Counterintuitive Discovery Leads to New MXene Material With Extraordinary Electromagnetic Shielding Ability

MXene Titanium Carbonitride EMI Shielding

Researchers at Drexel and KIST reported that a new MXene material, titanium carbonitride, can shield the electromagnetic interference better than materials currently being used in electronics devices. Credit: Drexel University

Drexel and KIST researchers report material can absorb EMI from electronic devices.

As we welcome wireless technology into more areas of life, the additional electronic bustle is making for an electromagnetically noisy neighborhood. In hopes of limiting the extra traffic, researchers at Drexel University have been testing two-dimensional materials known for their interference-blocking abilities. Their latest discovery, reported in the journal Science, is the exceptional shielding ability of a new two-dimensional material that can absorb electromagnetic interference rather than just deflect back into the fray.

The material, called titanium carbonitride, is part of a family of two-dimensional materials, called MXenes, that were first produced at Drexel in 2011. Researchers have revealed that these materials have a number of exceptional properties, including impressive strength, high electrical conductivity, and molecular filtration abilities. Titanium carbonitride’s exceptional trait is that it can block and absorb electromagnetic interference more effectively than any known material, including the metal foils currently used in most electronic devices.

“This discovery breaks all the barriers that existed in the electromagnetic shielding field. It not only reveals a shielding material that works better than copper, but it also shows an exciting, new physics emerging, as we see discrete two-dimensional materials interact with electromagnetic radiation in a different way than bulk metals,” said Yury Gogotsi, Ph.D., Distinguished University and Bach professor in Drexel’s College of Engineering, who led the research group that made this MXene discovery, which also included scientists from the Korea Institute of Science and Technology, and students from Drexel’s co-op partnership with the Institute.

While electromagnetic interference — “EMI” to engineers and technologists — is noticed only infrequently by the users of technology, likely as a buzzing noise from a microphone or speaker, it is a constant concern for the engineers who design it. The things that EMI is interfering with are other electrical components, such as antennas and circuitry. It diminishes electrical performance, can slow data exchange rates and can even interrupt the function of devices.

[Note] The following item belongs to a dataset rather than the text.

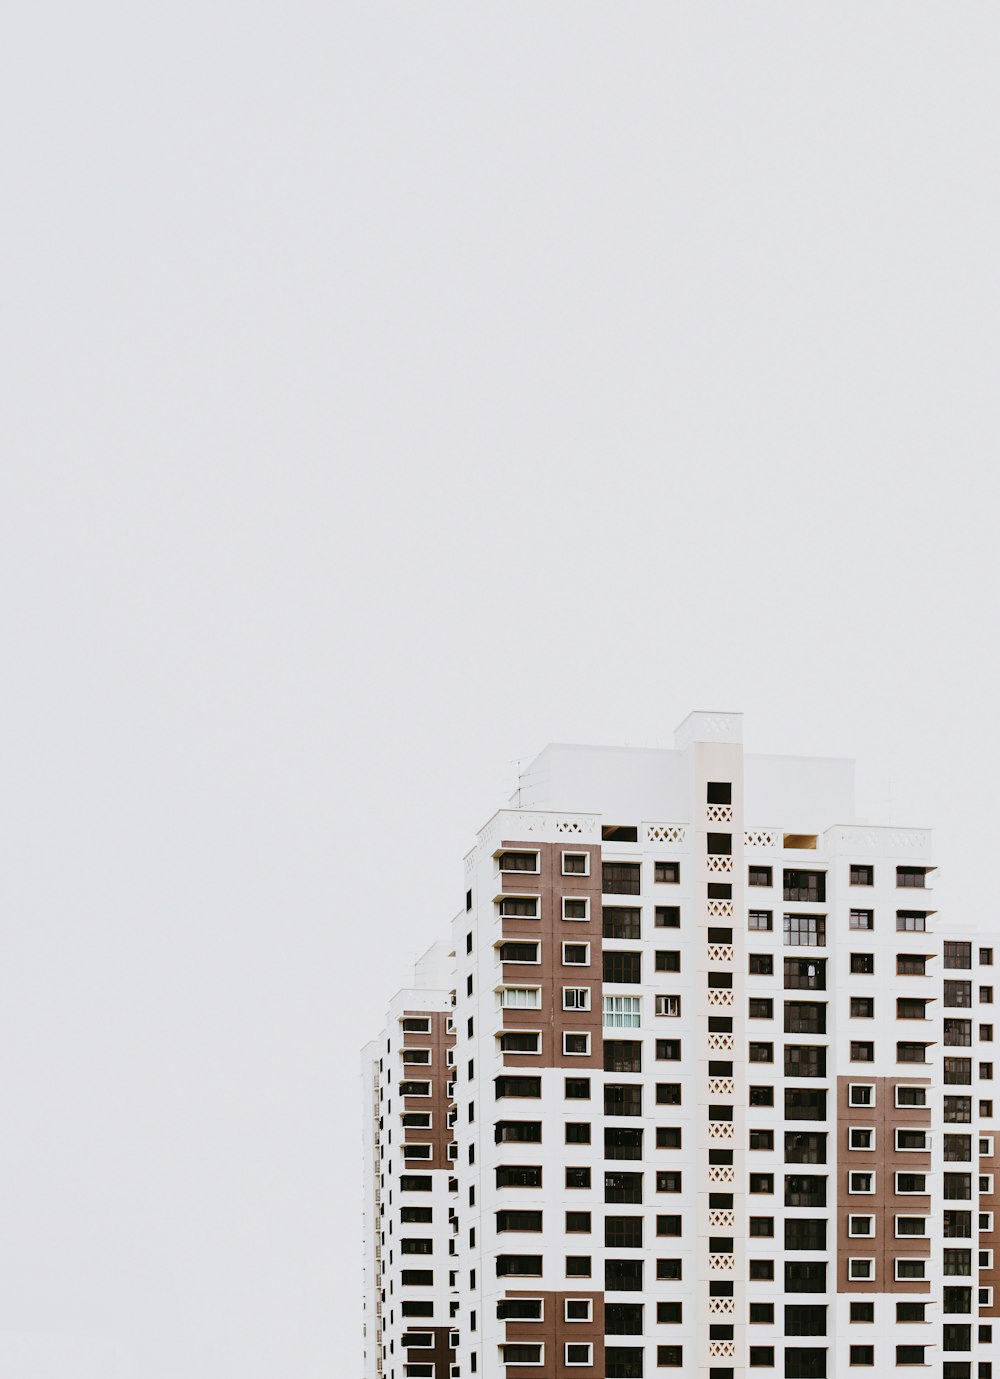 Edifício alto de concreto branco e marrom durante o dia

Electronics designers and engineers tend to use shielding materials to contain and deflect EMI in devices, either by covering the entire circuit board with a copper cage, or, more recently by wrapping individual components in foil shielding. But both of these strategies add bulk and weight to the devices.

Gogotsi’s group discovered that its MXene materials, which are much thinner and lighter than copper, can be quite effective at EMI shielding. Their findings, reported in Science four years ago, indicated that a MXene called titanium carbide showed the potential to be as effective as the industry-standard materials at the time, and it could be easily applied as a coating. This research quickly became one of the most impactful discoveries in the field and inspired other researchers to look at other materials for EMI shielding.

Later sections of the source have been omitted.